* [What is being asked]
Wherever a picture appears in the listing below, leave it out and reproduce the rest exactly.

* [Collected material]
________________

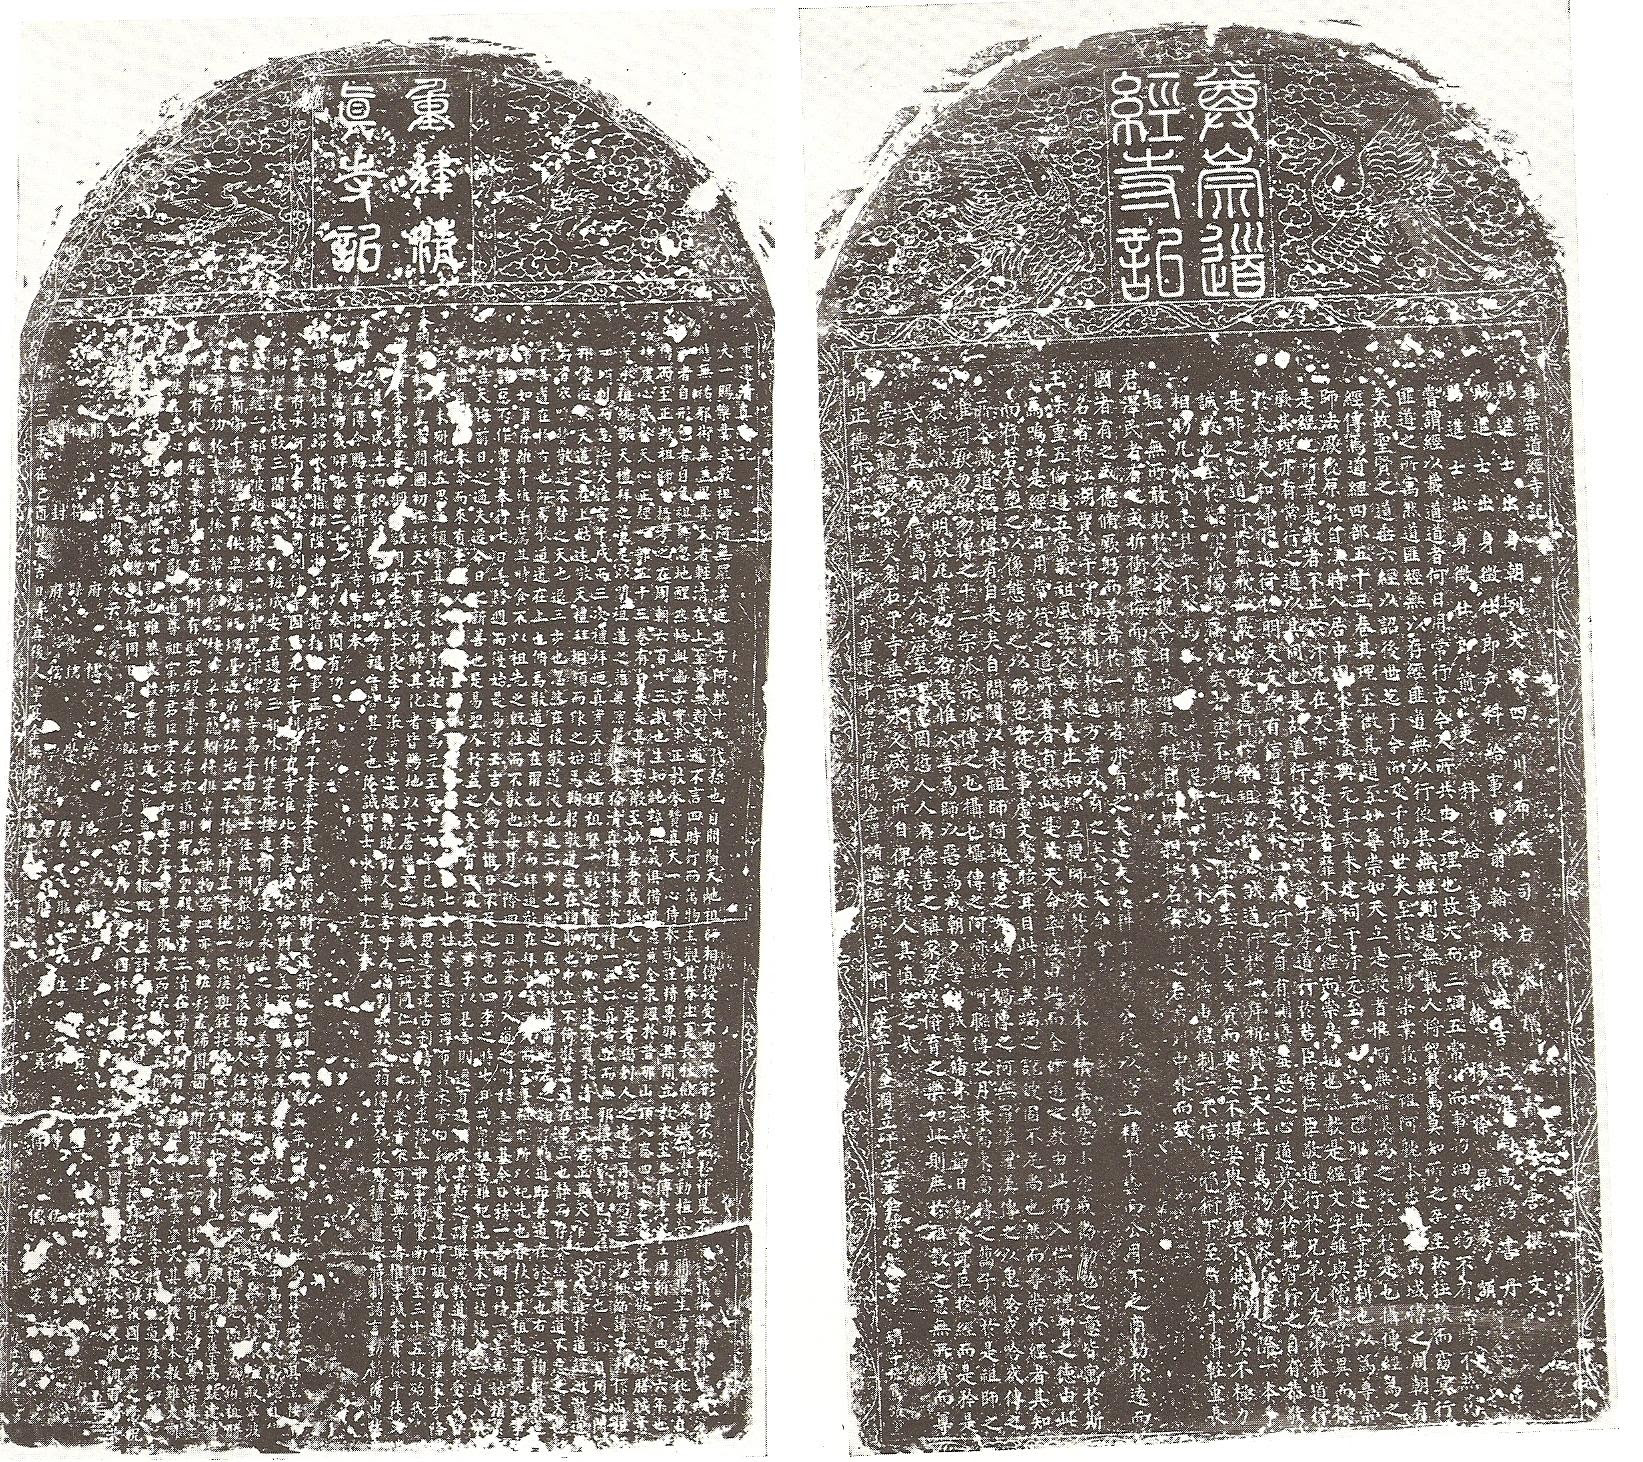 http://upload.wikimedia.org/wikipedia/commons/c/ce/Composite_kaifeng_stone_inscriptions-1-.JPG
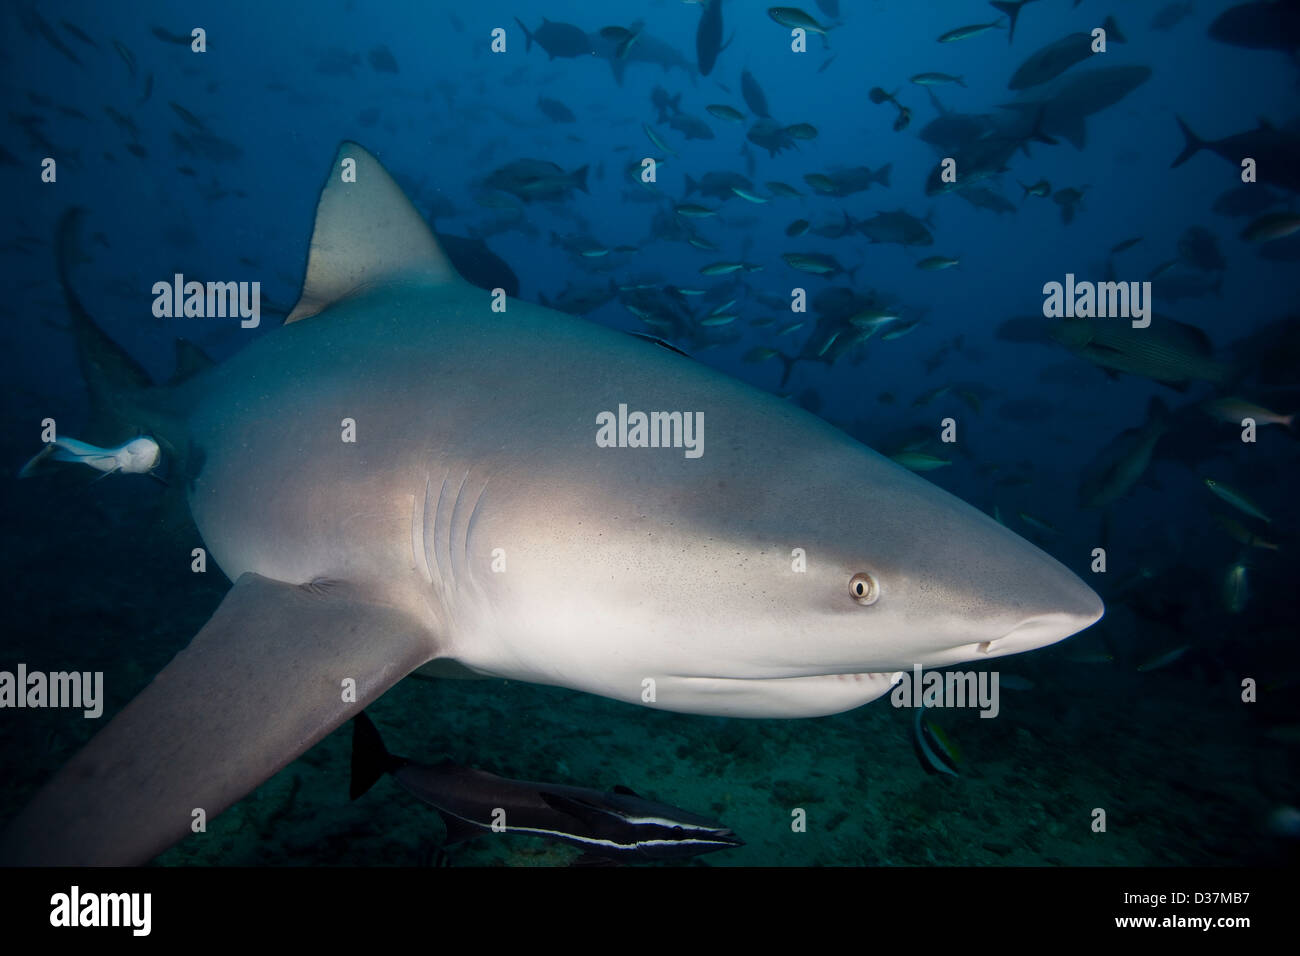 Shark swimming underwater Banque D'Images
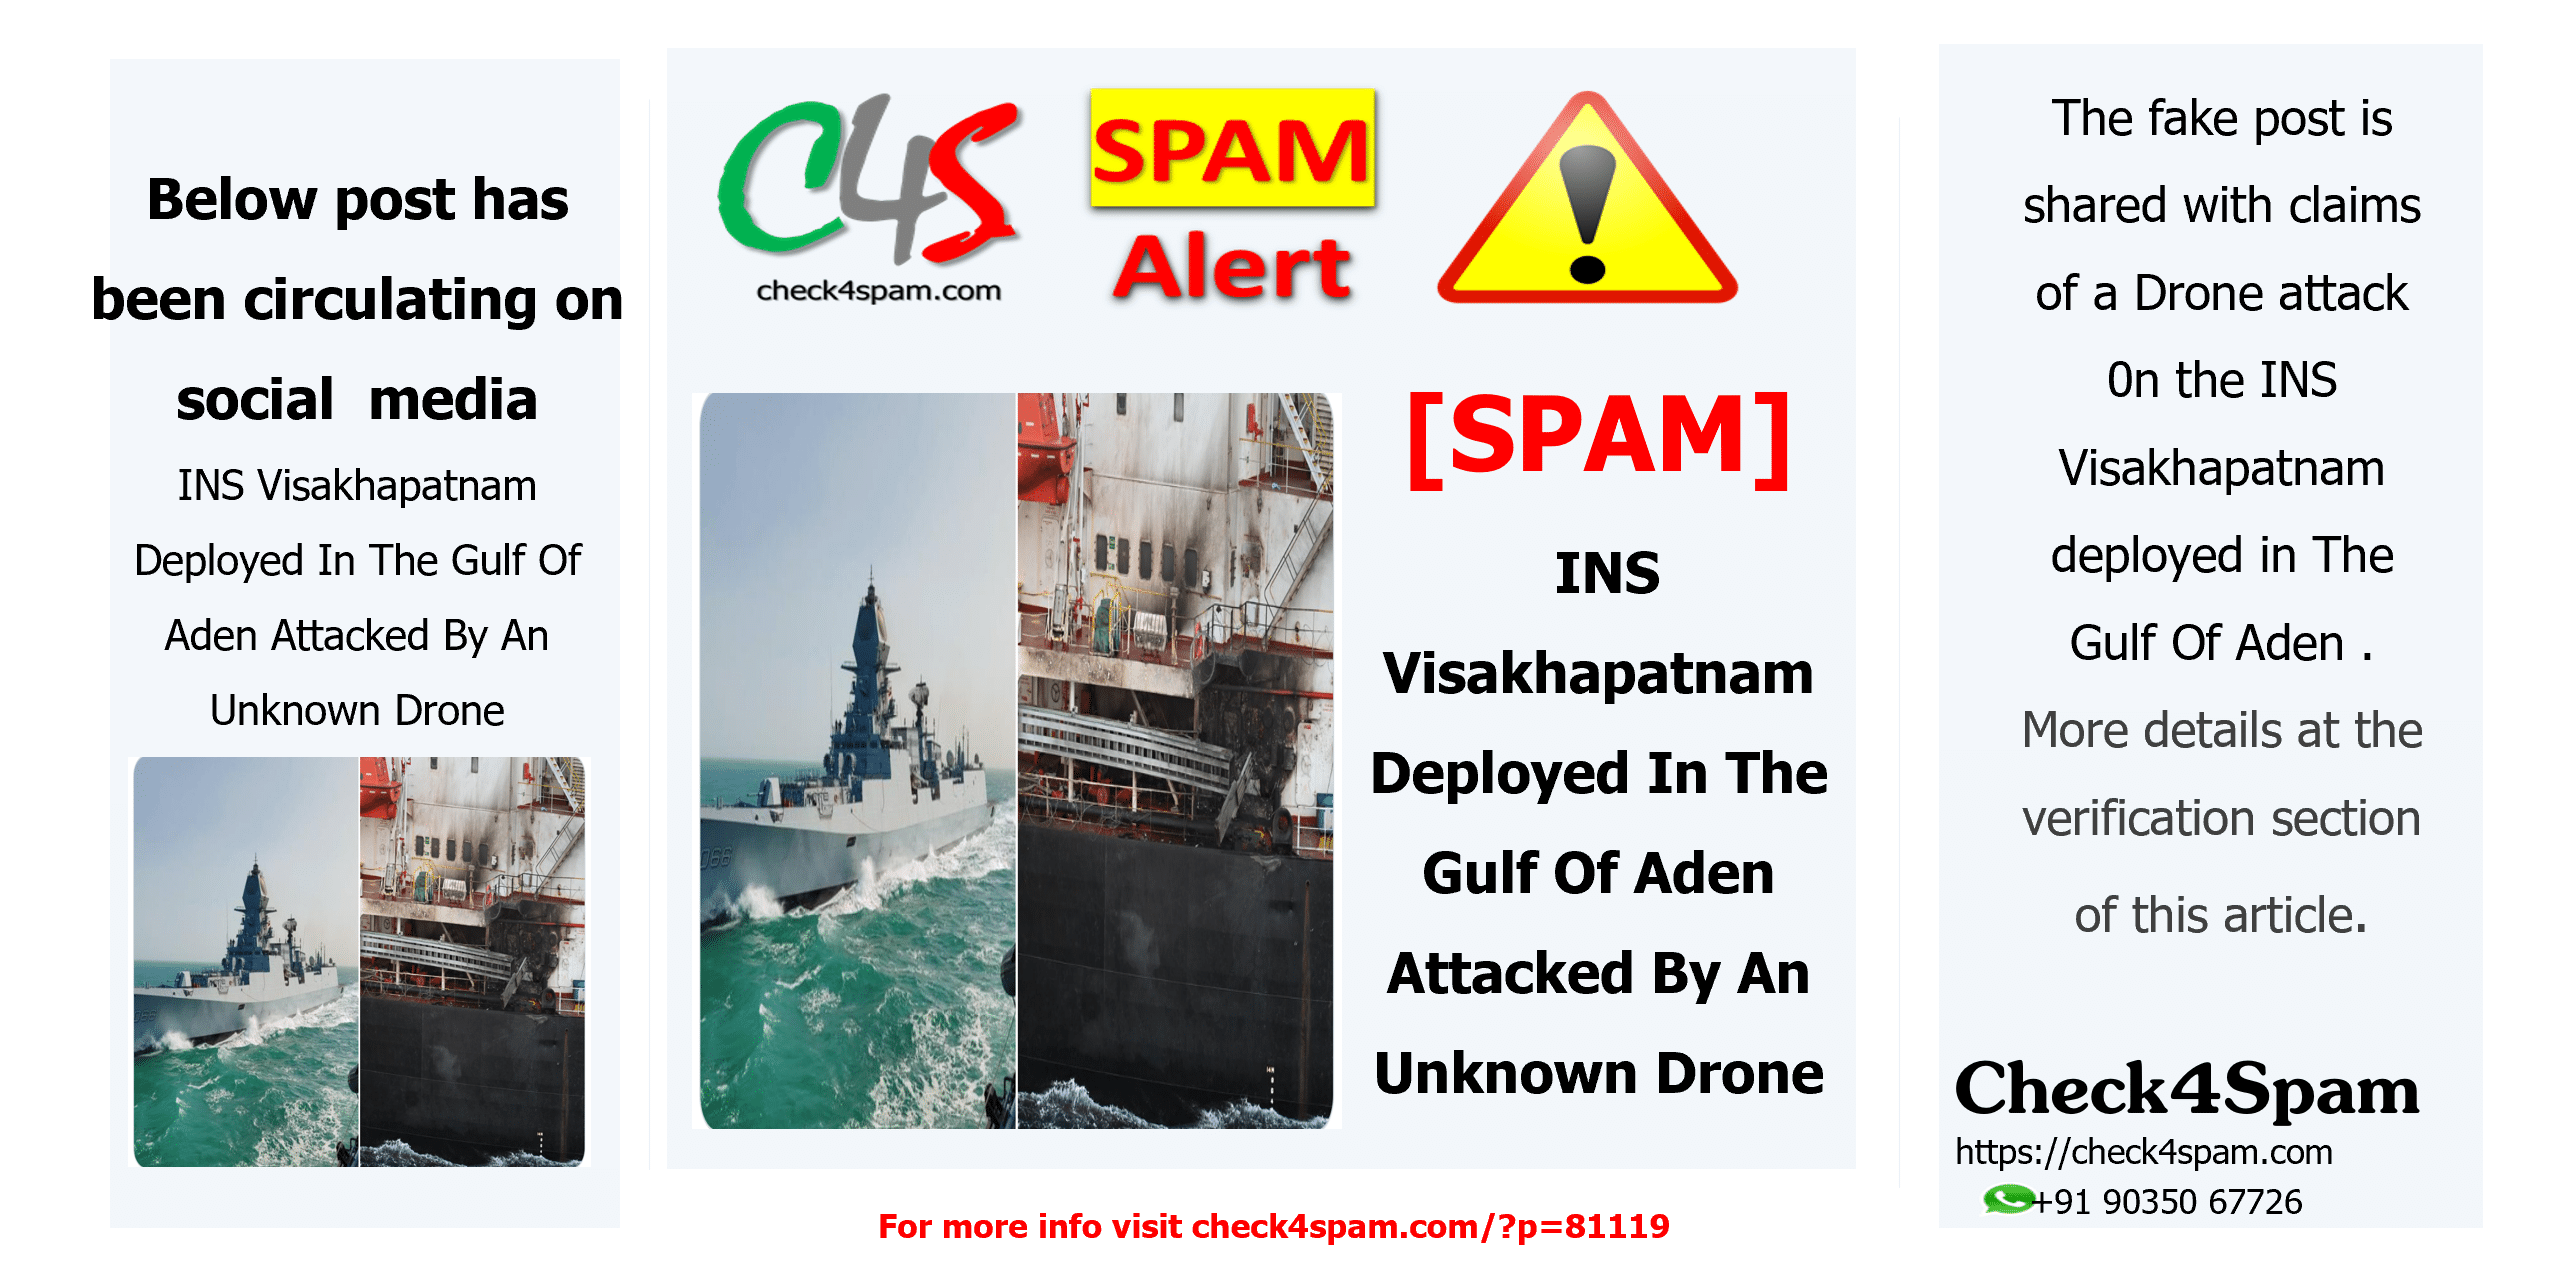 INS Visakhapatnam Deployed In The Gulf Of Aden Attacked By An Unknown Drone

________________

* [Exercise solution]
 http://upload.wikimedia.org/wikipedia/commons/c/ce/Composite_kaifeng_stone_inscriptions-1-.JPG
 Shark swimming underwater Banque D'Images
 INS Visakhapatnam Deployed In The Gulf Of Aden Attacked By An Unknown Drone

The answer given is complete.